If you perform the expansion near $z\to \rho$ you end up with (if I'm not mistaken) $S(z) = \ln(\frac 1e) + \ln(\frac 1 {\rho-z}) + O(\rho-z)$.
I obtained this by simply setting $h = \rho-z$ then using Taylor expansion of $\ln$ keeping in mind that $z\to 0$. Namely
$$S(z) = \ln(\dfrac 1 {1- \ln(\frac {1}{e^{-1} +h})}) = \ln(\dfrac 1 {1-\ln e + \ln(1+eh)}) = \ln(\dfrac 1 {\ln(1+eh)}) = \ln(\dfrac 1 {eh + O(h^2)}) = \ln(\frac 1e) + \ln(\frac 1 h)+\ln(\frac 1 {1+O(h)}) = QED$$ The results of chapter VI (transfer theorems) allow you to work such problems out when you don't have an exactly meromorphic function anymore but only an asymptotic estimate.
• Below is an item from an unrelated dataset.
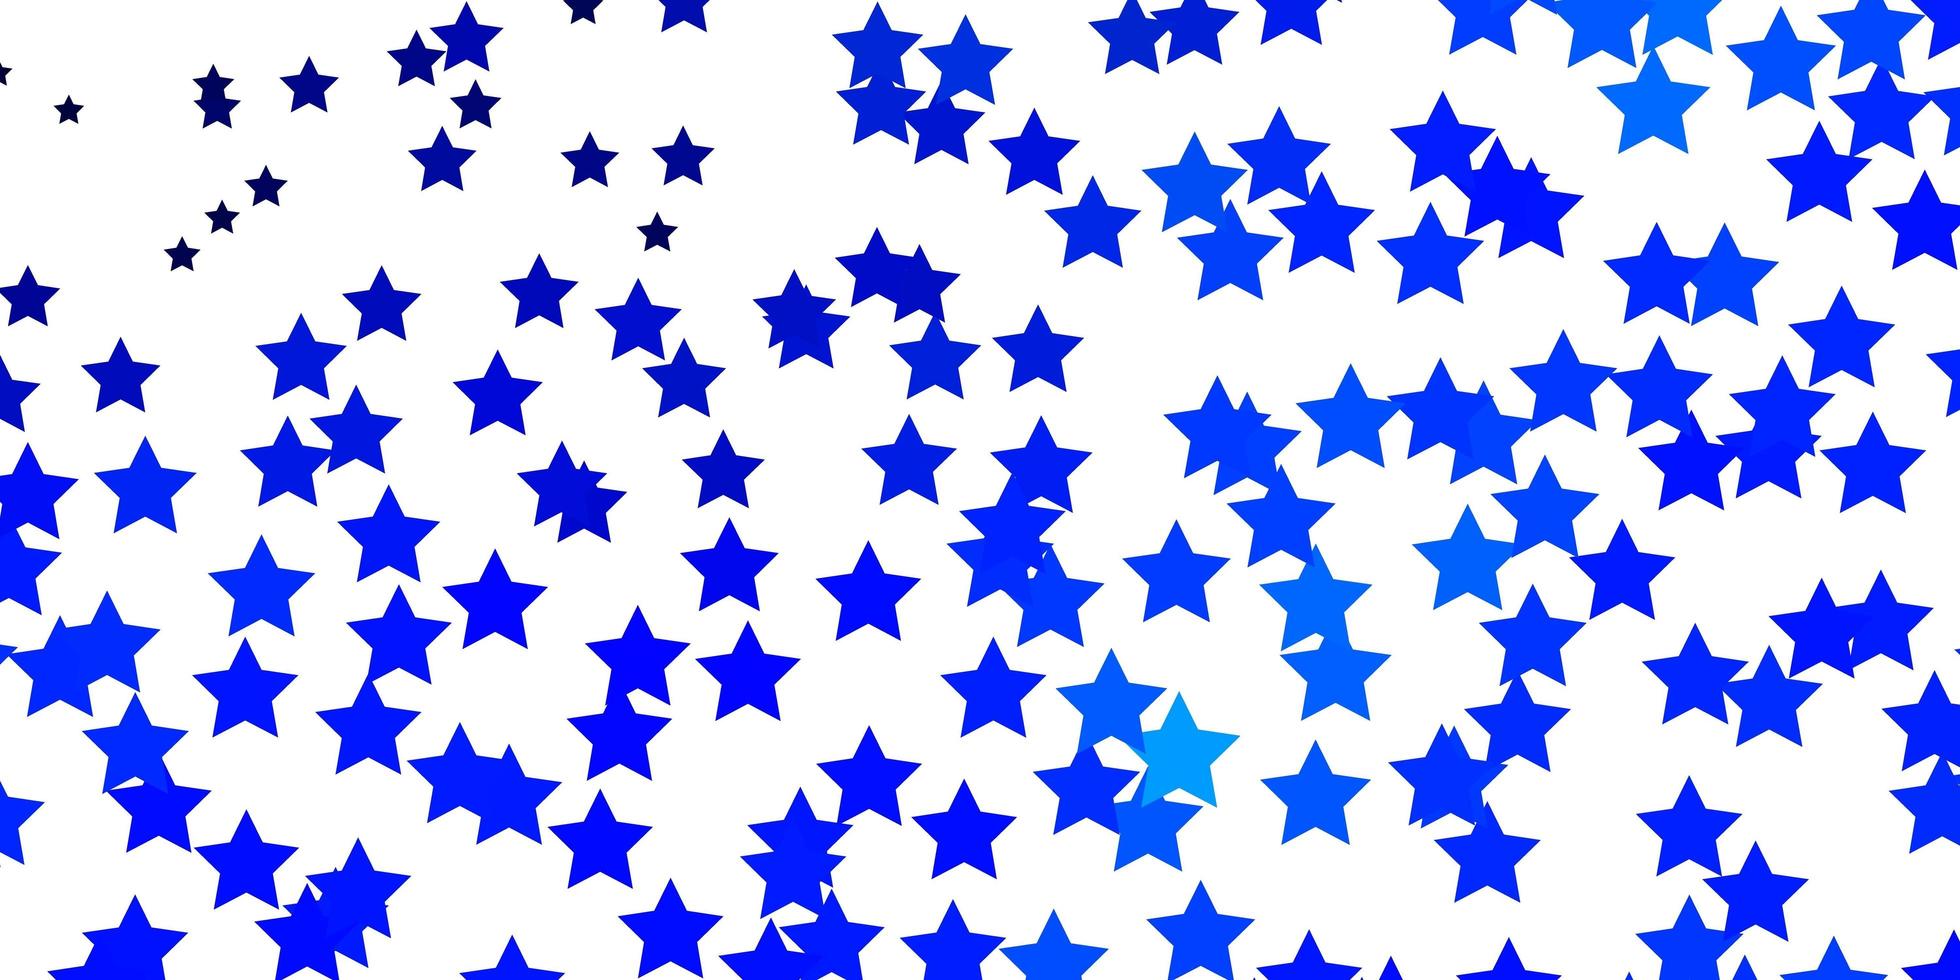 mörkblå vektorstruktur med vackra stjärnor. färgglad illustration med abstrakta lutningsstjärnor. mönster för webbplatser, målsidor. vektor

Basically your coefficients will be asymptotic to the coefficients of the leading term.
There are some technical conditions ($\Delta$-analyticity) that you have to check, which is not a problem in your case, where your function should be defined on a slit disk).